Actionable comments posted: 6
Caution
Some comments are outside the diff and can’t be posted inline due to platform limitations.
⚠️ Outside diff range comments (1)
archon-ui-main/src/components/settings/RAGSettings.tsx (1)
2465-2486:⚠️ Potential issue | 🟠 MajorThese post-edit connection checks still run with the old persisted token.
The modal “Save Changes” handlers only update local React state, then immediately call the backend health/model routes. Those routes look up auth from stored RAG credentials, so a newly entered Ollama token is not used until the top-level “Save Settings” persists it. Protected instances will therefore look offline or empty right after editing. Either persist first or pass the unsaved token through the test request.

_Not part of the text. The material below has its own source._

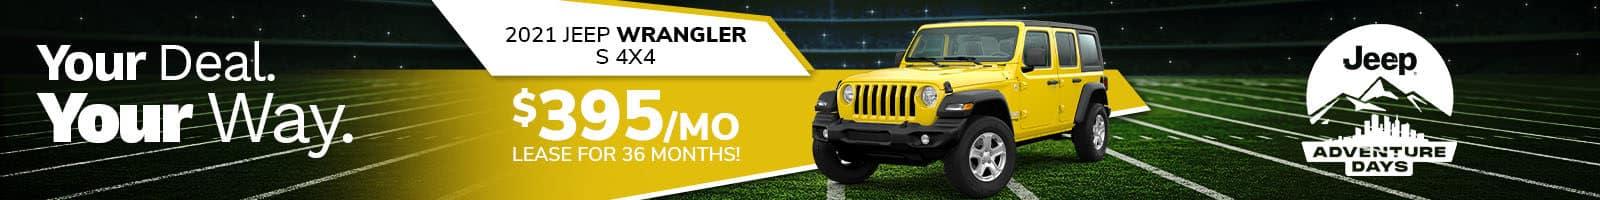 Best 2021 Jeep Wrangler lease deal near Plainfield IN

Also applies to: 2540-2561
🤖 Prompt for AI Agents
Verify each finding against the current code and only fix it if needed. In `@archon-ui-main/src/components/settings/RAGSettings.tsx` around lines 2465 - 2486, The post-edit health/model checks use persisted credentials, so when editing a protected Ollama instance the new token isn't used; update the handlers in the LLM edit flow (where ragSettings is updated via setRagSettings and setShowEditLLMModal is closed) to either persist the new token before calling manualTestConnection/fetchOllamaMetrics or explicitly pass the unsaved token from llmInstanceConfig into those calls; specifically modify the manualTestConnection invocation and any fetchOllamaMetrics call to accept and use llmInstanceConfig.useAuth ? llmInstanceConfig.authToken : '' (or call the same persistence routine used by the top-level Save Settings) so setOllamaManualConfirmed and setOllamaServerStatus reflect the updated credentials immediately.
🧹 Nitpick comments (1)
python/src/server/services/storage/base_storage_service.py (1)
81-83: Avoid rescanning the full document prefix for each breakpoint check.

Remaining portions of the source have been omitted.